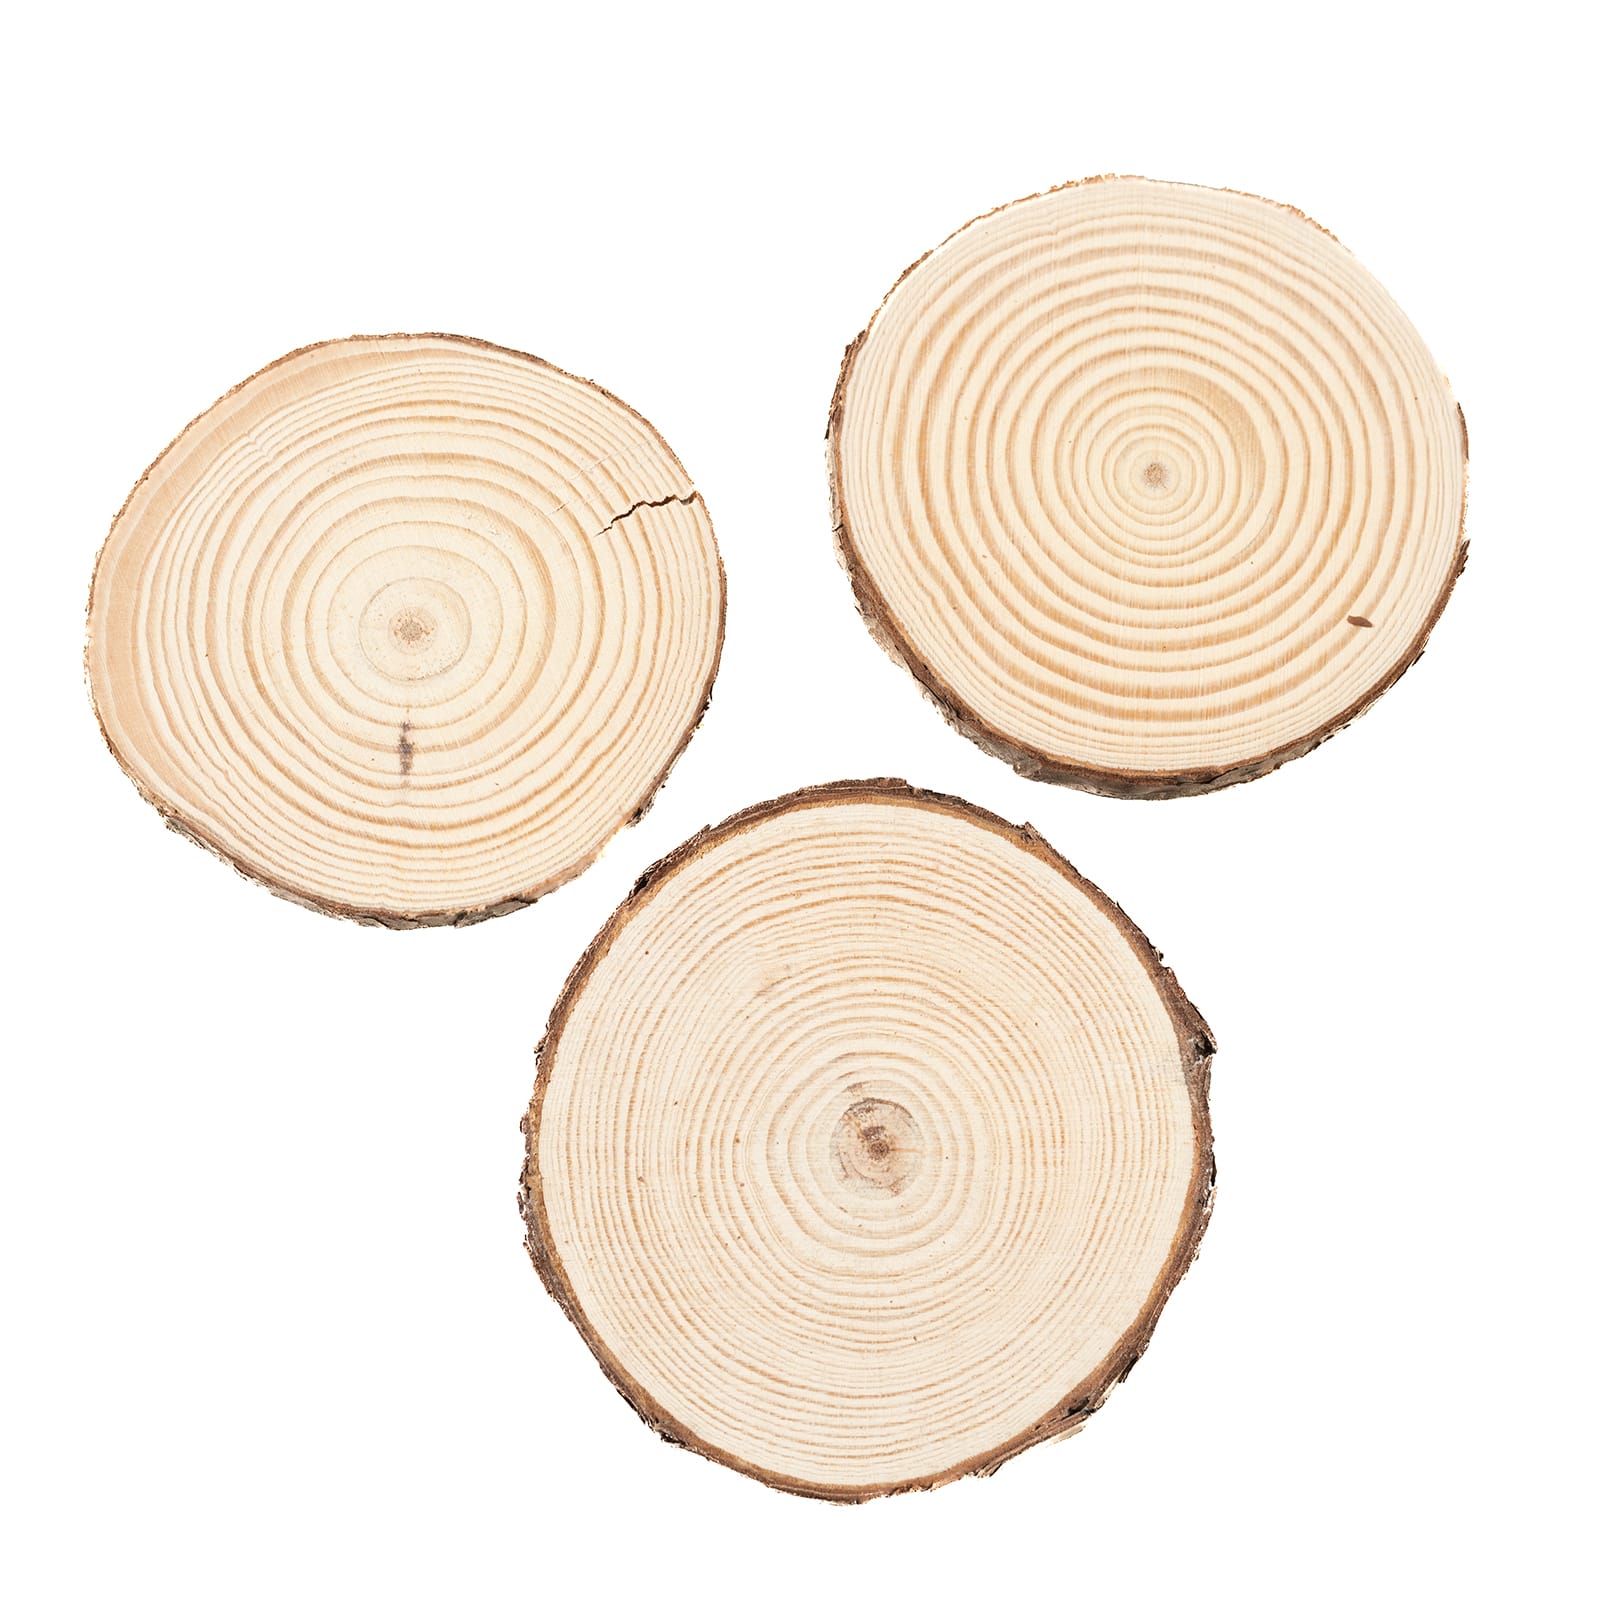 Lemonfilter Natural Wood Slices 8 Pcs 6.3-6.7 Inches Craft Wood
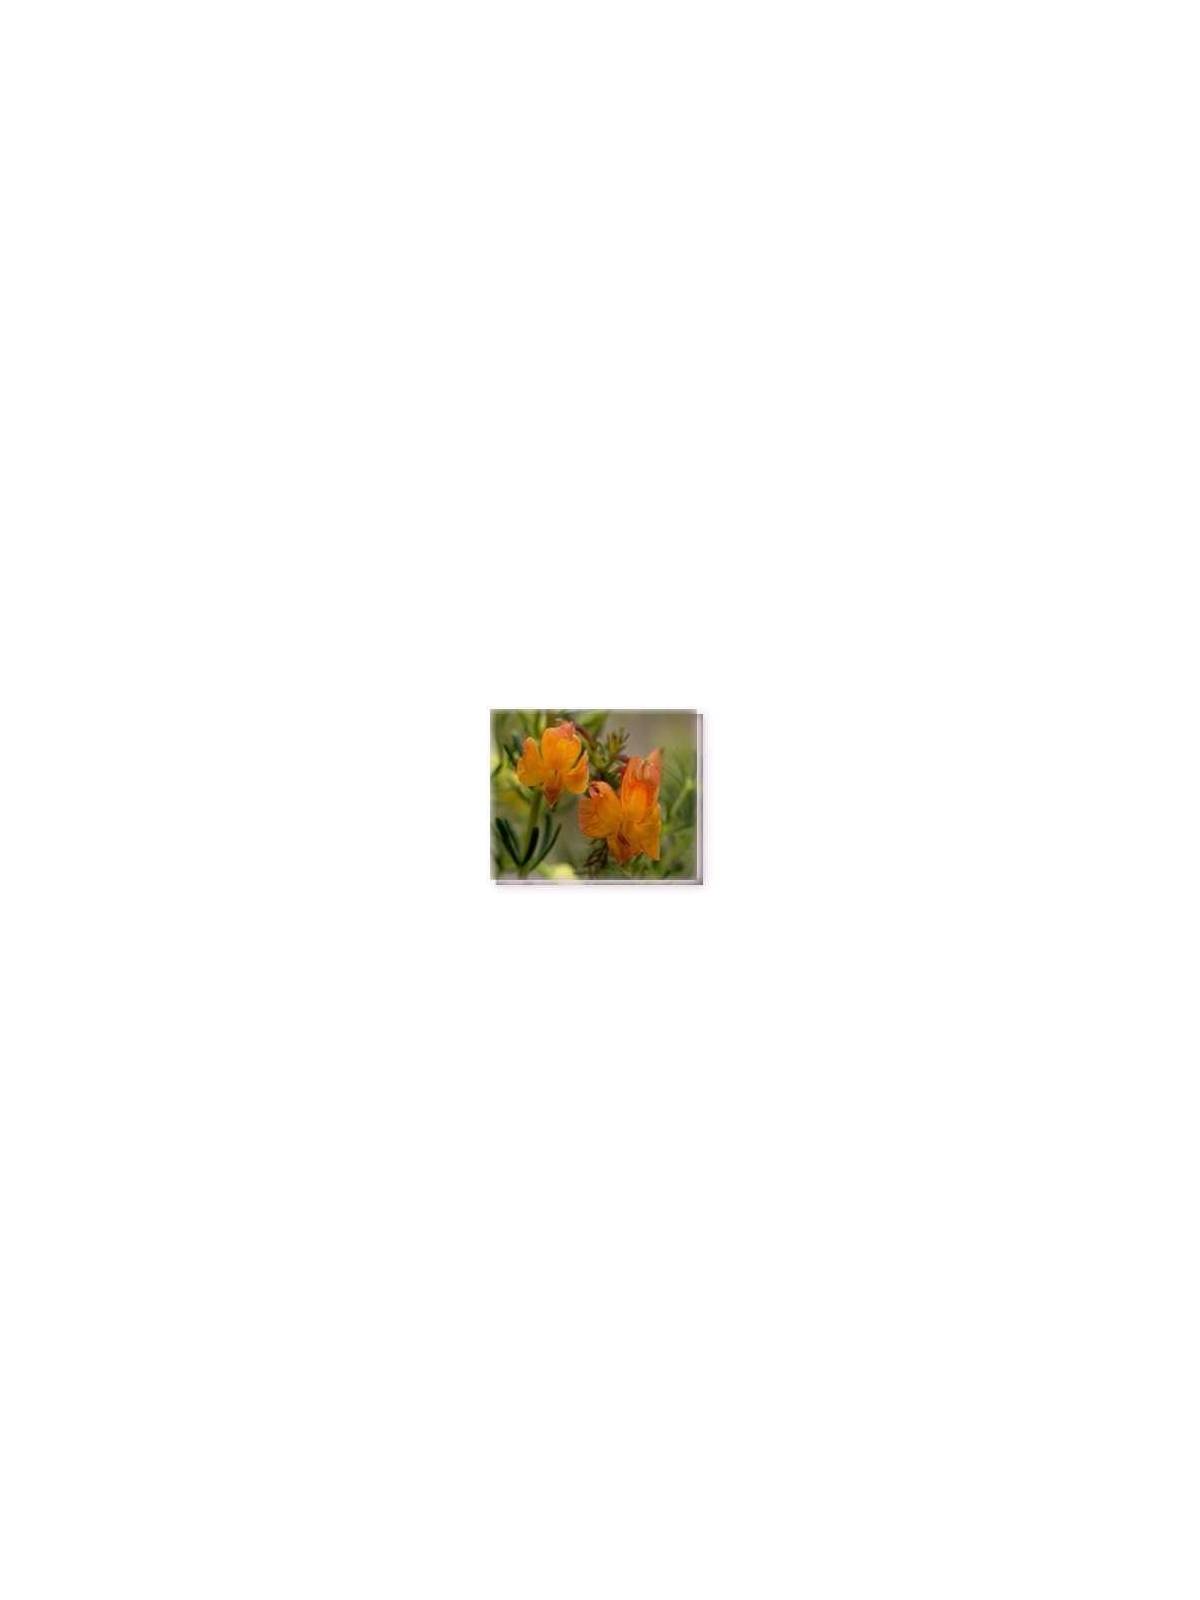 Fiore Orange Leschenaultia Living Essences
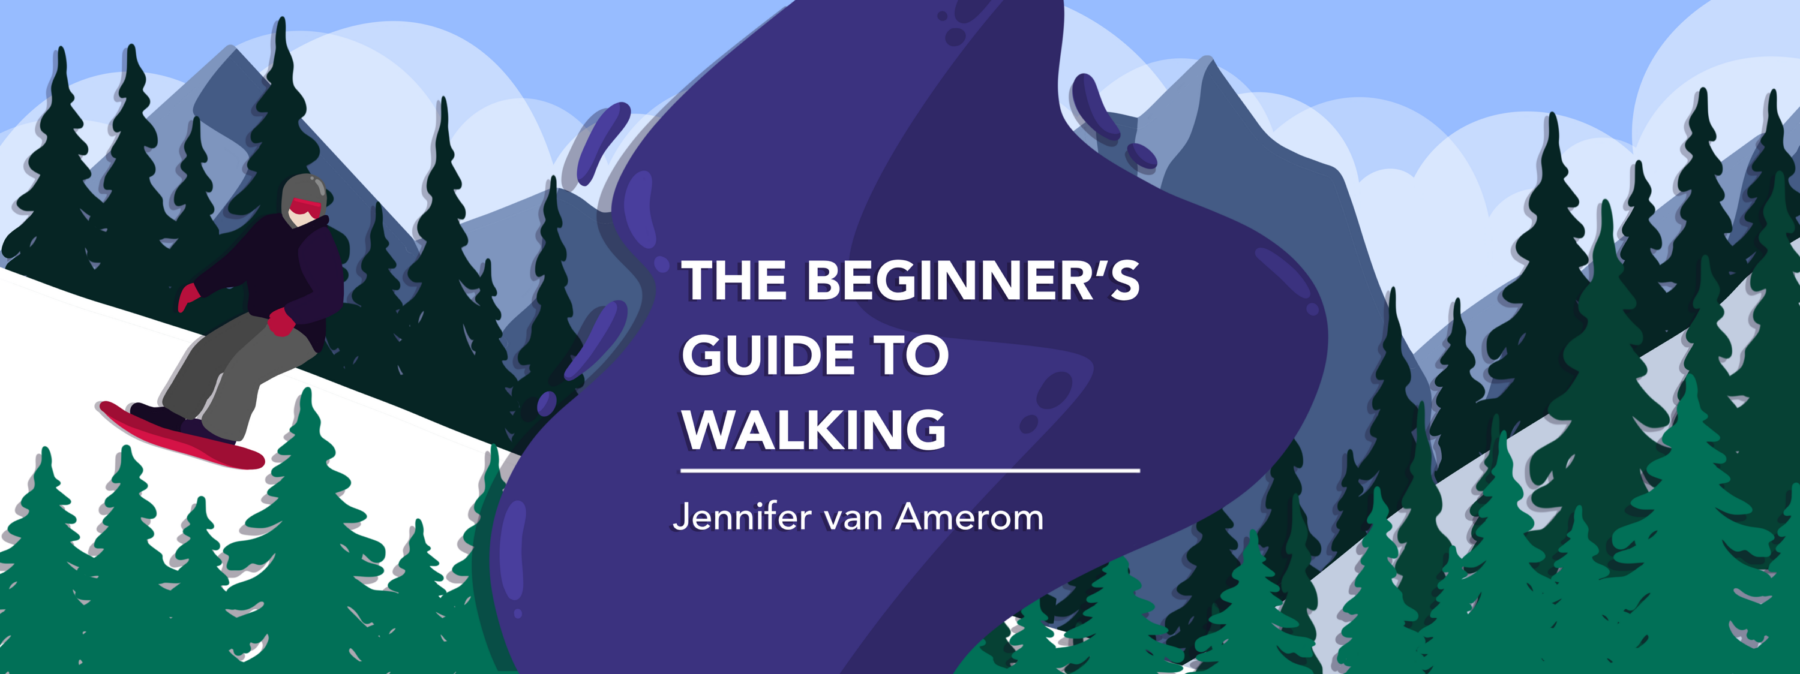 Banner for The Beginner's Guide to Walking by Jennifer van Amerom
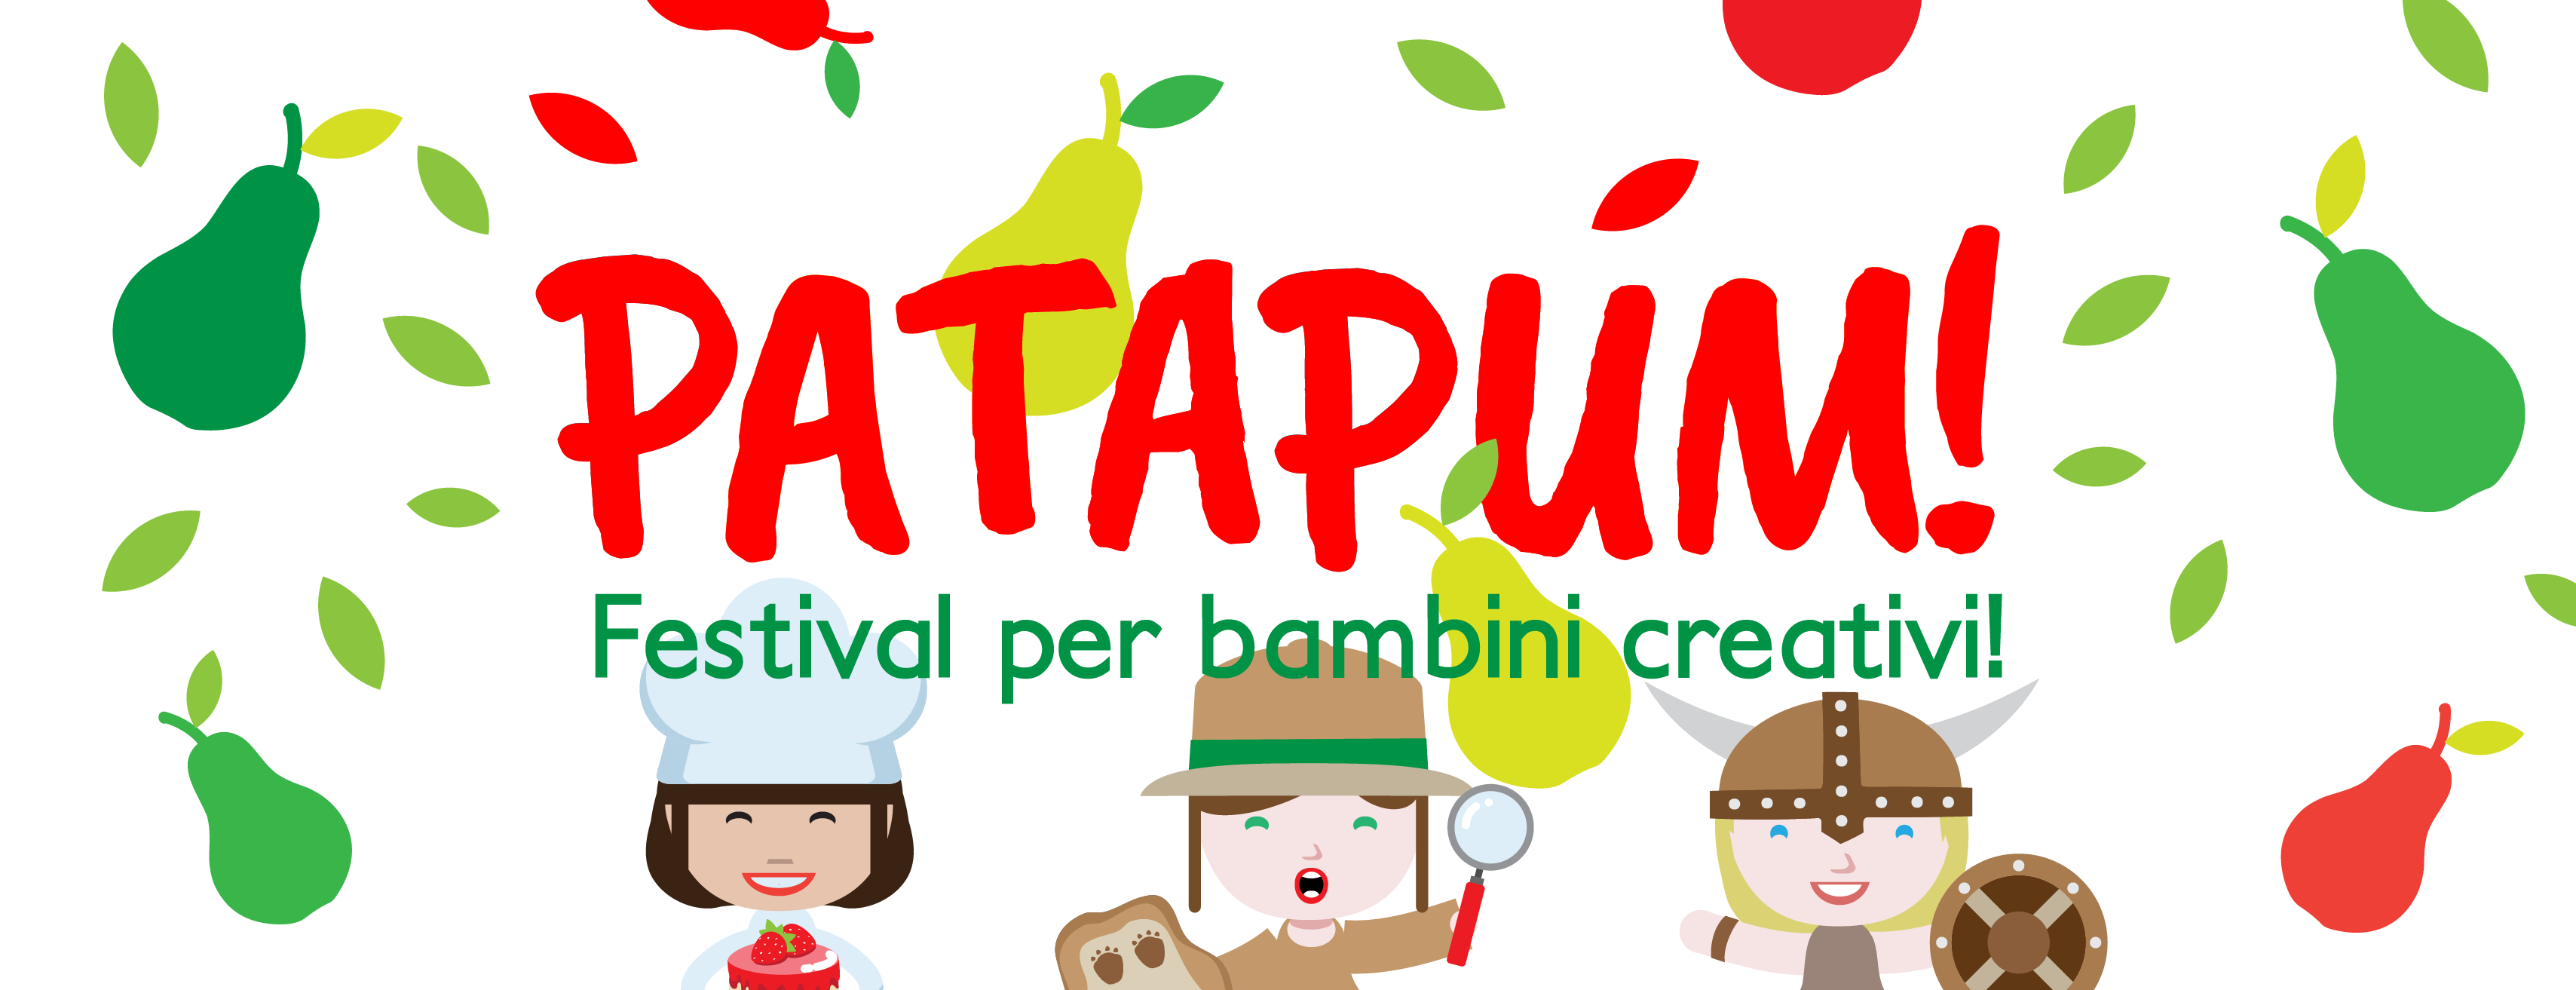 Raccolta fondi per Patapum festival

* * * * *

● **To do**
Omit the pictures and write out the remaining data exactly.

● **Task result**
 Lemonfilter Natural Wood Slices 8 Pcs 6.3-6.7 Inches Craft Wood
 Fiore Orange Leschenaultia Living Essences
 Banner for The Beginner's Guide to Walking by Jennifer van Amerom
 Raccolta fondi per Patapum festival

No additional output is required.